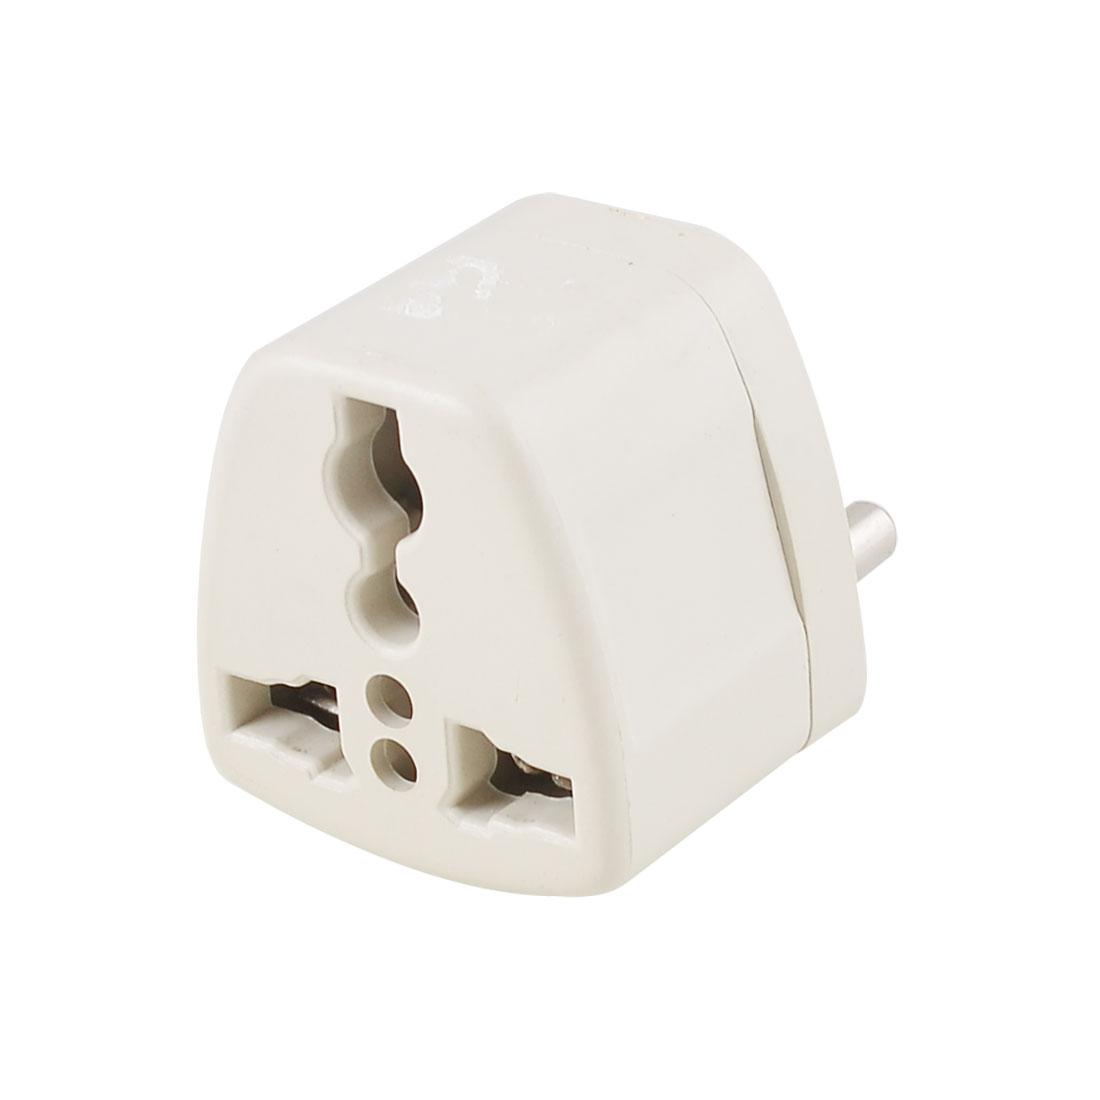 AC 250V 10A EU Plug to EU AU US Socket Travel Wall Adapter Converter Gray
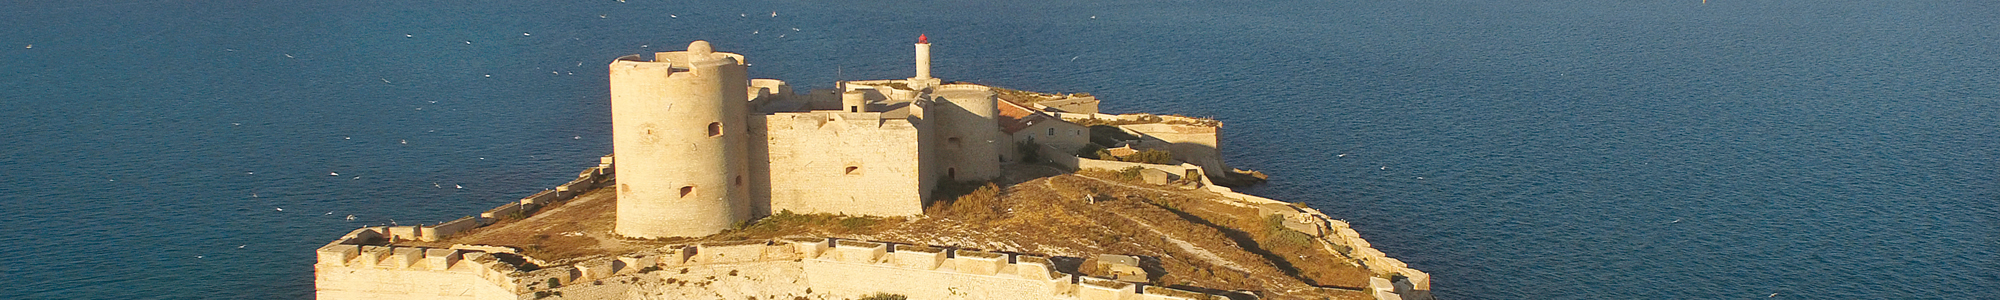 Château d'if Marseille Adresse clé
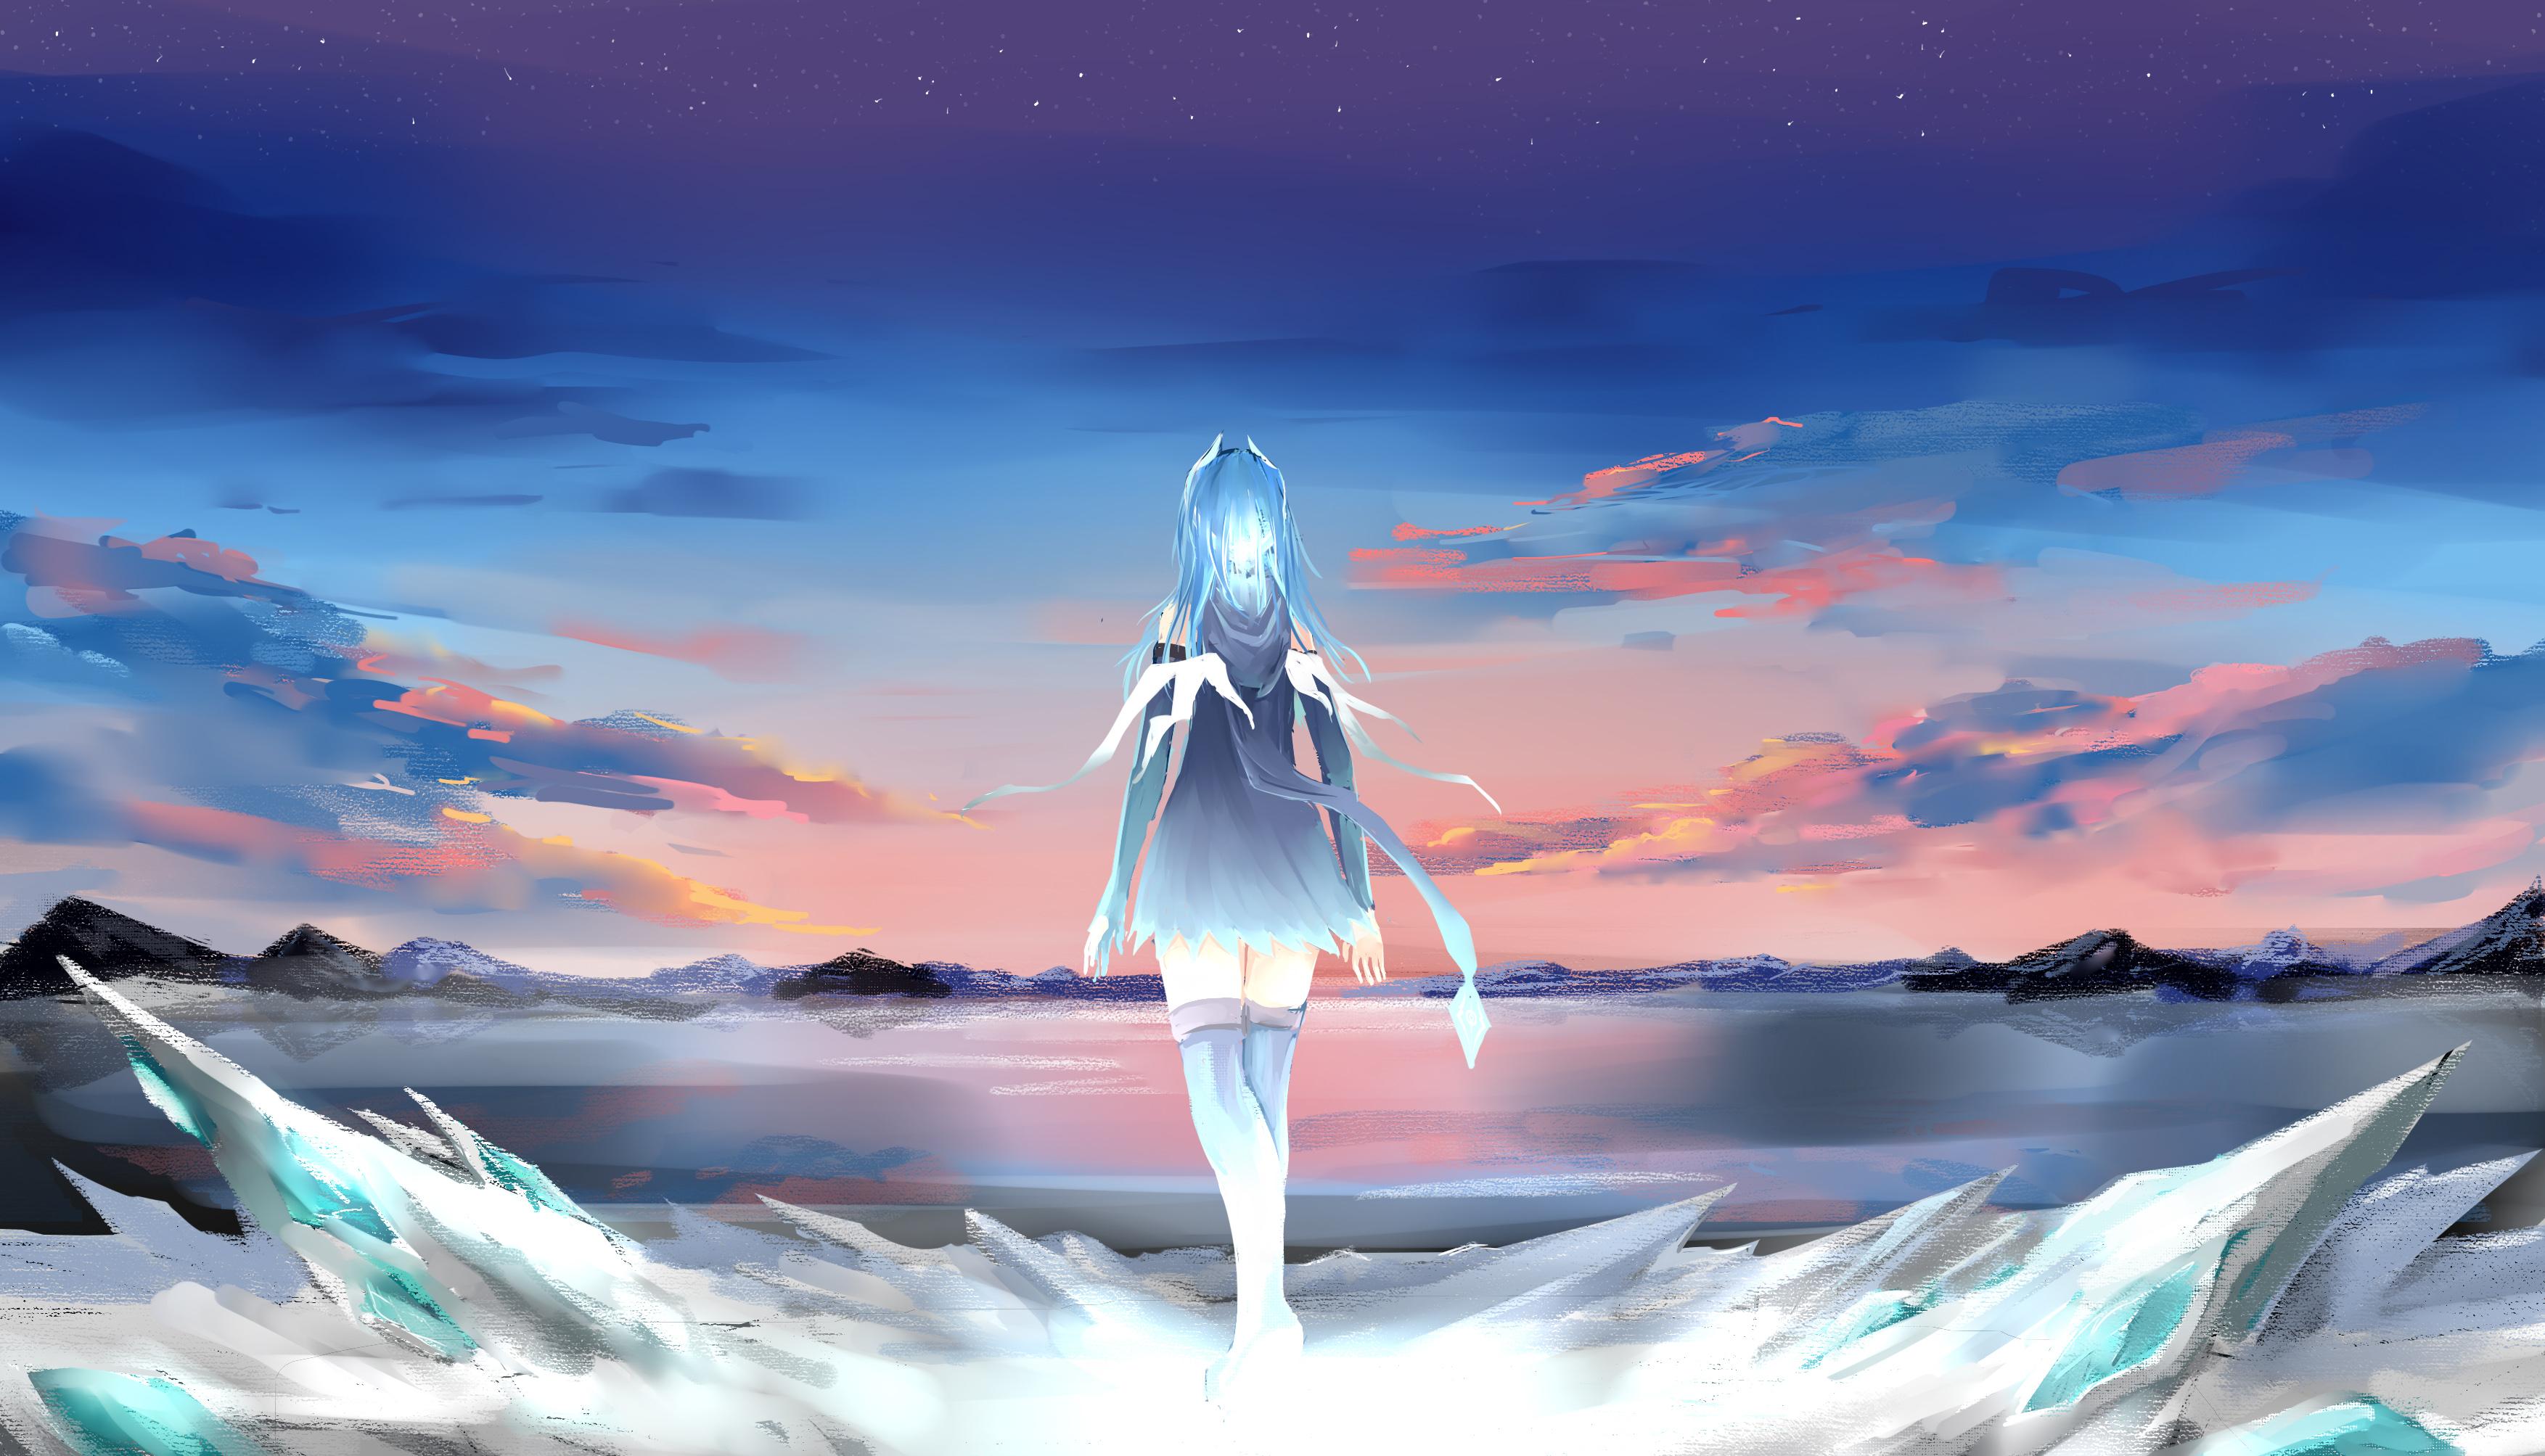 Anime 3507x2007 anime anime girls Pixiv Fantasia clouds mountains blue hair long hair sunset sea stars ribbons walking ice

(ACTION ITEM): Leaving out the pictures, output the listing above exactly as given.

(RESULT FOR THIS EXERCISE):
 AC 250V 10A EU Plug to EU AU US Socket Travel Wall Adapter Converter Gray
 Château d'if Marseille Adresse clé
 Anime 3507x2007 anime anime girls Pixiv Fantasia clouds mountains blue hair long hair sunset sea stars ribbons walking ice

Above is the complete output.